Court Opinion

ID: 1853063
Source: CourtListenerOpinion
Date Created: 2013-10-30 07:37:36.677266+00
Date Added: 2024-06-11T18:18:43.349574
License: Public Domain

79 U.S. 440 (____)
12 Wall. 440
WALKER
v.
DREVILLE.
Supreme Court of United States.

*442 Mr. T.J. Durant, for the plaintiff in error; Mr. Miles Taylor, contra.
Mr. Justice MILLER, having stated the case in the way above given, delivered the opinion of the court.
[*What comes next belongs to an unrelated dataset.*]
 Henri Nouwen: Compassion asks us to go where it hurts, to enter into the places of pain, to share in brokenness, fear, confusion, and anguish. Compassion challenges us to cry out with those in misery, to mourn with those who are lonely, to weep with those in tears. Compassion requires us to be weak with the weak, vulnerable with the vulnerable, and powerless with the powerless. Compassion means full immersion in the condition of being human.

The pleading, the orders, and the decree of the court, show, we think, so as to need no further argument to a mind familiar with the principles of equity jurisprudence, that the procedure is in its essential nature a foreclosure of a mortgage in chancery. It has all the essential qualities of such a suit, and it has none which is not usual and appropriate in such a proceeding. It is true that there is a personal judgment against defendant, but the ninety-second rule of equity practice prescribed by this court clearly authorizes such a judgment in foreclosure cases. It is the precise mode of foreclosing mortgages adopted in many of the States under their codes, and in all of them, when there is a separate chancery docket, such proceedings are classed among the chancery causes.
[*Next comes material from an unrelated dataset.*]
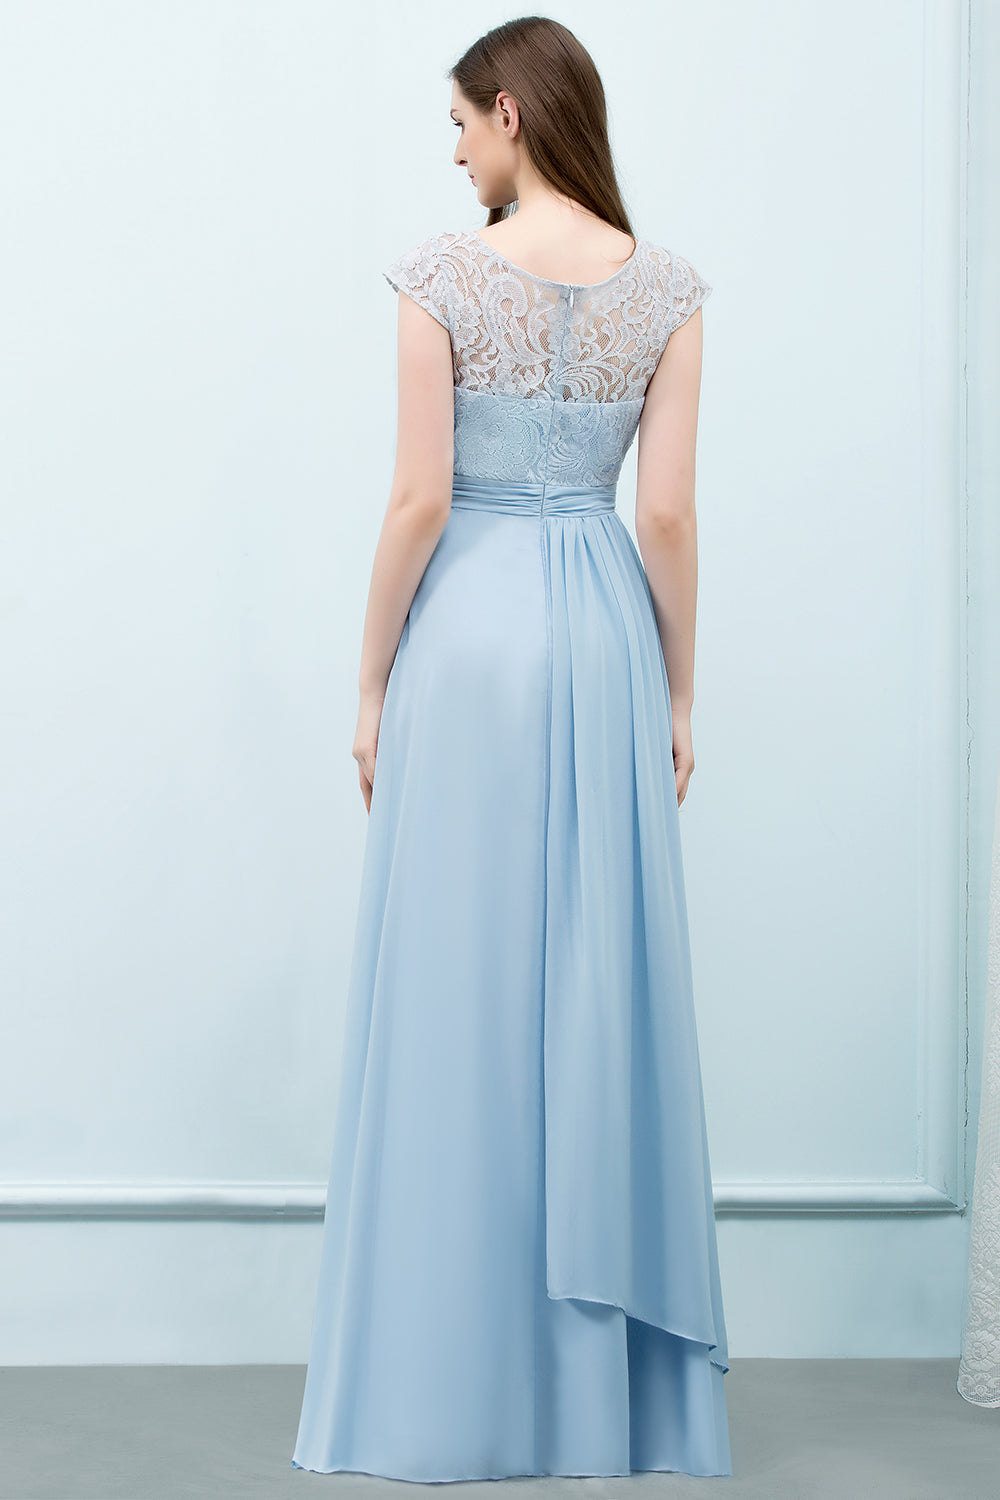 Affordable Lace Sleeveless Blue Bridesmaid Dresses With Scoop Cap-27dress

We have so often decided that notwithstanding the peculiarities of the Civil Code of Louisiana, the distinctions between law and equity must be preserved in the Federal courts, and that equity causes from that circuit must come here by appeal, and common law causes by writ of error, that we cannot now depart from that rule without overruling numerous decisions and a well-settled course of practice.[*]
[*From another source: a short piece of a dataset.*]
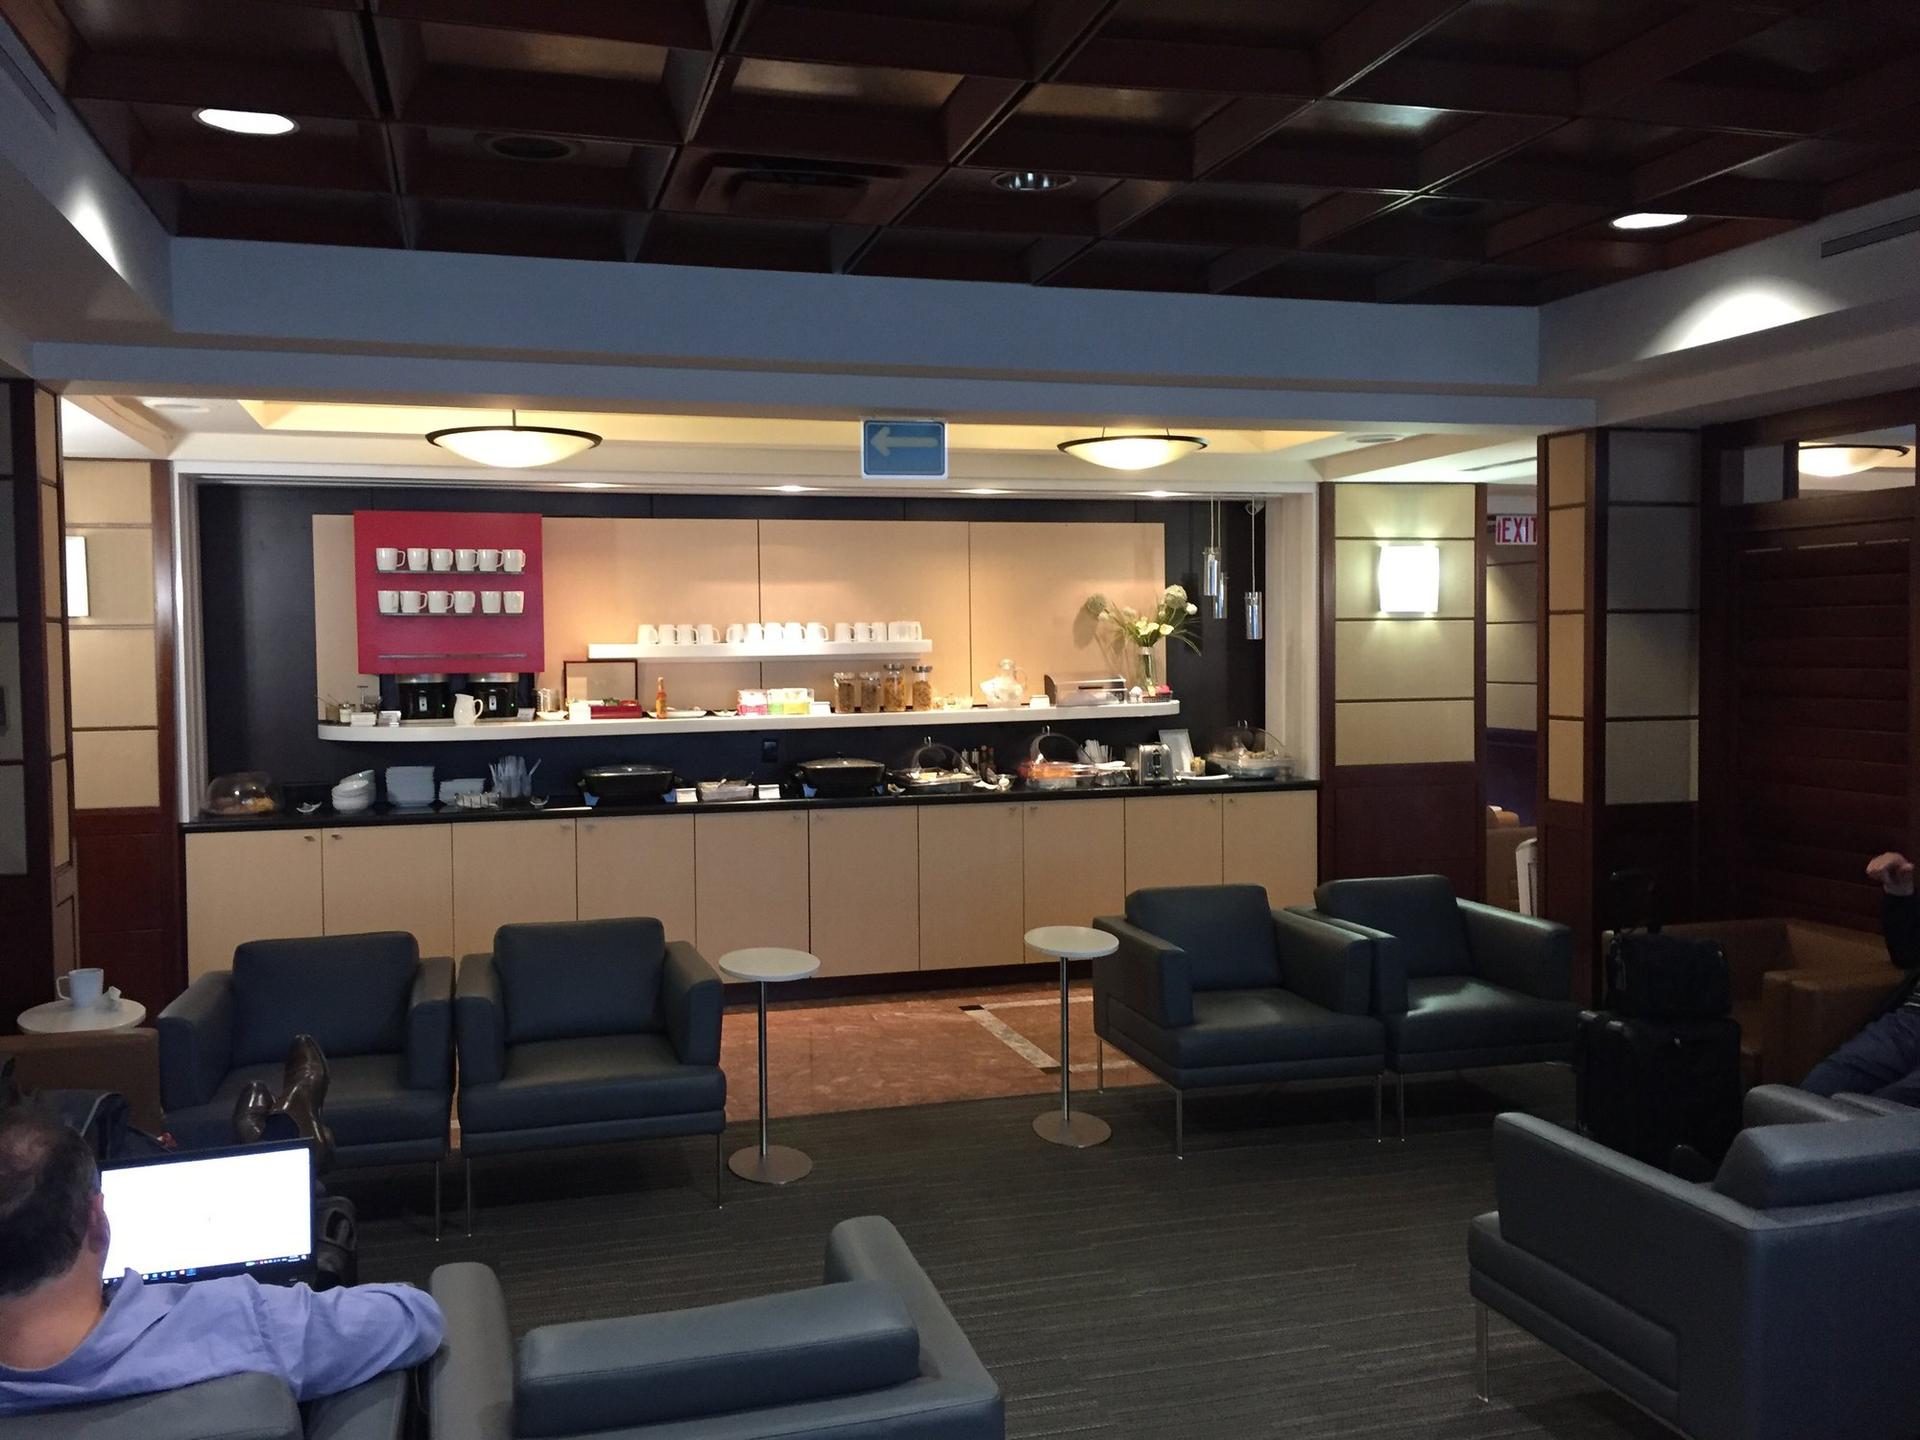 American Airlines Admirals Club image 32 of 32

*443 The present case being a proceeding in equity brought here by writ of error, and not by appeal, the writ must be
DISMISSED.
SWAYNE and BRADLEY, JJ., dissented.
NOTES
[*]  San Pedro, 2 Wheaton, 132; McCollum v. Eager, 2 Howard, 61; Minor v. Tillotson, Ib. 392; Surgett v. Lapice, 8 Id. 48; Brewster v. Wakefield, 22 Id. 118; Thompson v. Railroad Companies, 6 Wallace, 134.